Pensée juste et profondeur du Dhamma

Je vais poursuivre aujourd’hui l’explication de la stance du Buddha: dhammapīti sukhaṃ seti vippasannena cetasā. ariyappavedite dhamme sadā ramati paṇḍito. Pour parvenir à vivre heureux avec un esprit serein, il faut déployer un effort résolu (āraddhavīriya). Chaque objet sans exception est important et il faut le noter de façon rapprochée car, si la note est rapprochée, une forme de compréhension va apparaître et nous serons satisfaits de notre pratique.

Je dois à nouveau répéter combien l’objet primaire est important. Si nous le notons clairement, tous les autres objets deviendront clairs, même les plus ténus. Nous ferons l’expérience de la claire compréhension (c’est-à-dire voir clairement, à fond et par soi-même). Sans un effort ardent, sati ne peut être fort. Vīriya soutient sati et permet sa continuité. Sans une attention forte, il n’y a pas de concentration. Les trois facteurs sont liés. Il faut développer une attention pour tout: se lever, bouger la main, se pencher, plier et étendre les membres, etc. Lorsque les trois facteurs sont présents, la vue juste (sammādiṭṭhi) et la pensée juste (sammā sankappa) peuvent émerger. Sayadaw U Paṇḍita traduit sammā sankappa par visée correcte, le fait de viser correctement l’objet.

Au début, on ne voit dans le soulèvement de l’abdomen qu’un mouvement d’une seule traite, mais par après, on distingue d’innombrables segments ou changements dans ce mouvement, comme des stades ou des couches successives. Un type de compréhension vient spontanément sans qu’on n’y pense. Comme on a souvent entendu parler de anicca, dukkha et anatta, cette compréhension nous revient. Si, alors que vous pratiquez la méditation assise, des pensées non sages, négatives et non apprivoisées apparaissent, liées aux plaisirs sensuels, les pensées positives ou justes ne pourront apparaître. À l’inverse, si vous notez correctement l’objet, saddhā, la confiance, va apparaître en vous. Celui qui prend confiance dans le Dhamma, commence à croire à son détenteur, le Buddha. Yo dhammaṃ passati, so maṃ passati (celui qui voit le Dhamma me voit). On commence aussi à croire au Sangha. On croit que s’ils sont devenus des êtres nobles, ils le doivent à leur pratique. Le Buddha encourage à pratiquer par soi-même (ehipassika) et à ne pas croire aveuglément.

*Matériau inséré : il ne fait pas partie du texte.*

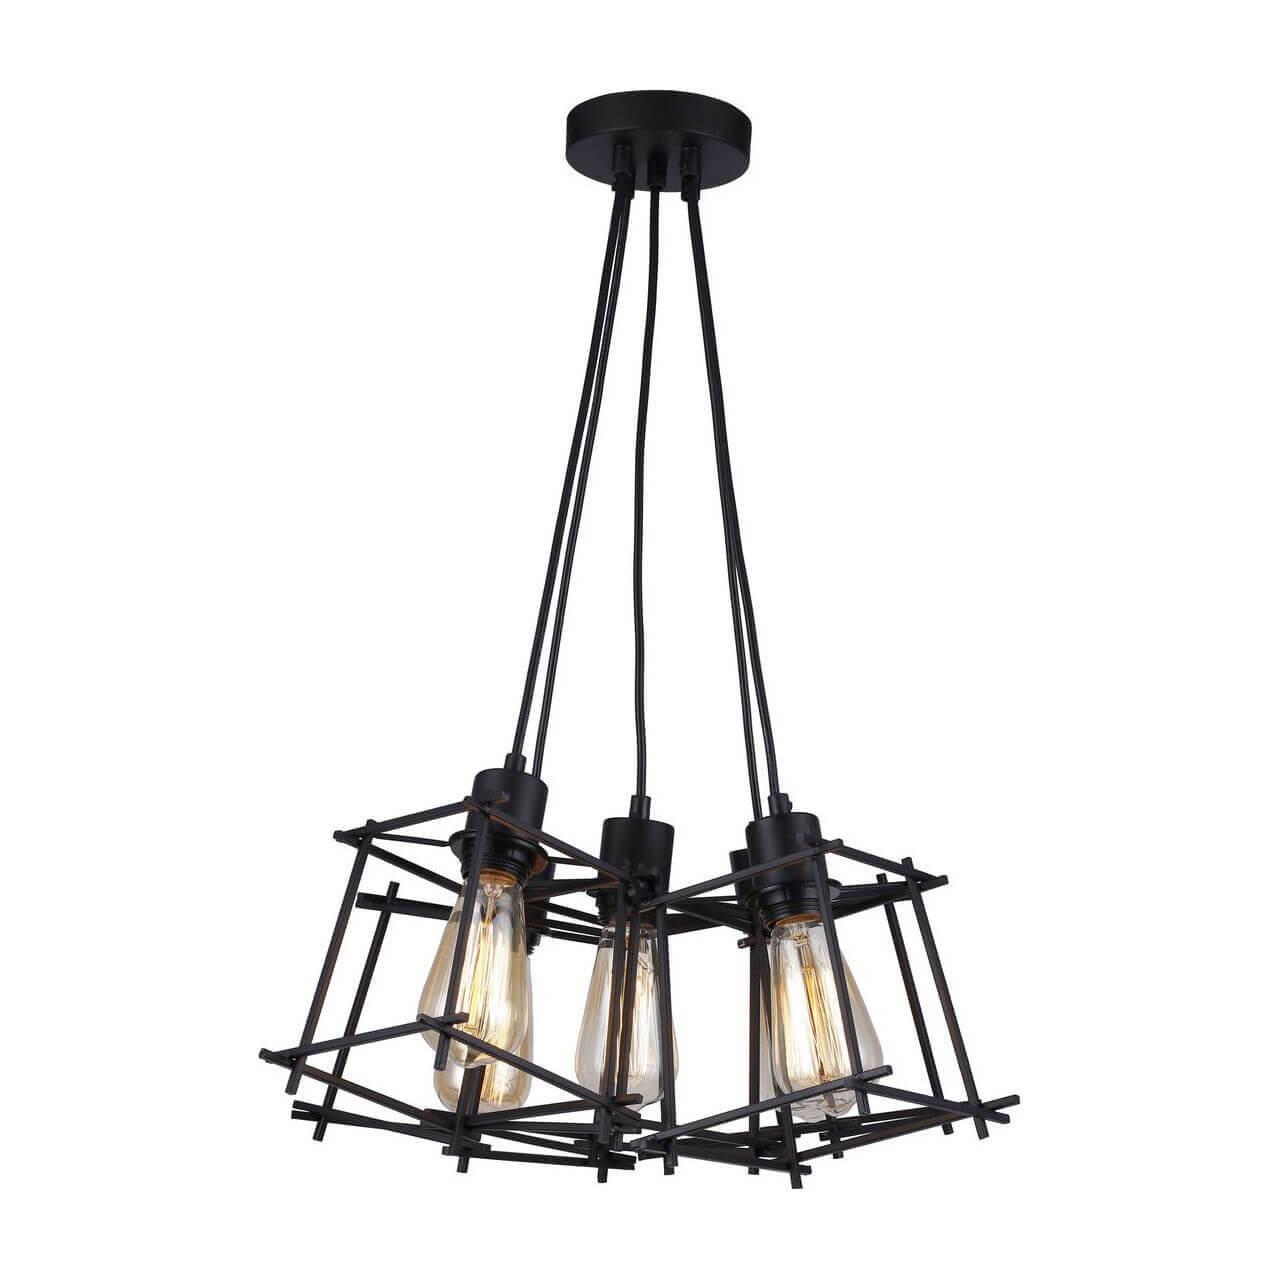 Люстра Arte Lamp A9469SP-5BK 9469 накладная люстра a7144pl 5bk arte lamp

Lorsque l’on observe l’abdomen de façon rapprochée, un type de ressenti va apparaître en nous: douleur, engoourdissement, raideur, etc. Il faut alors changer d’objet d’attention. La douleur vient inopinément et il faut la noter en visant l’objet, un peu comme aux fléchettes, c’est sammā sankappa. À la marche, on vise le pied, dès l’instant où il se détache du sol jusqu’à ce qu’il soit à nouveau posé.

La stance récitée au début est très utile. C’est aussi une belle opportunité d’entendre directement les paroles du Buddha. Si vous avez le temps, vous devriez l’apprendre par cœur. Ainsi, un bon ressenti vous reviendra en vous remémorant le sentiment de joie et de paix expérimenté durant cette retraite. L’étude des textes, c’est pariyatti, la théorie. À elle seule, elle offre une compréhension superficielle mais, jointe à la pratique, elle permet une compréhension du Dhamma en profondeur (gambhīra). Au plus on pratique, au mieux on comprend le Dhamma. L’observation du seul abdomen permet déjà cette compréhension profonde. En l’observant, on peut comprendre les quatre éléments, les cinq khandhā, et tous les types de dhammā, comme on peut les comprendre dans n’importe quel objet observé.

Les yogis ne peuvent peut-être pas encore sonder toute la profondeur de l’enseignement, telle que celle dont dispose les sotāpannā par exemple, mais, en tant que pratiquants, ils disposent d’une compréhension inaccessible aux non-méditants. Le Dhamma ne peut être expérimenté que par les sages dit le Buddha (paccataṃ veditabbo viññuhi). Il est difficile à percevoir (duddassa), subtil (paṇīta), ne peut être compris par la simple pensée (atakkāvacara) et ne peut être compris que par les sages (paṇḍitavedaniya). Si vous n’avez pas encore vu cela, revenez à Dhammaramsi. Peut-être vous dites-vous « je ne comprends pas telle partie de l’enseignement », mais lorsque vous reviendrez, vous disposerez déjà des bases de l’enseignement et ce sera plus facile. En revenant une troisième fois, la prise de note vous sera familière. Votre pratique progresse rapidement.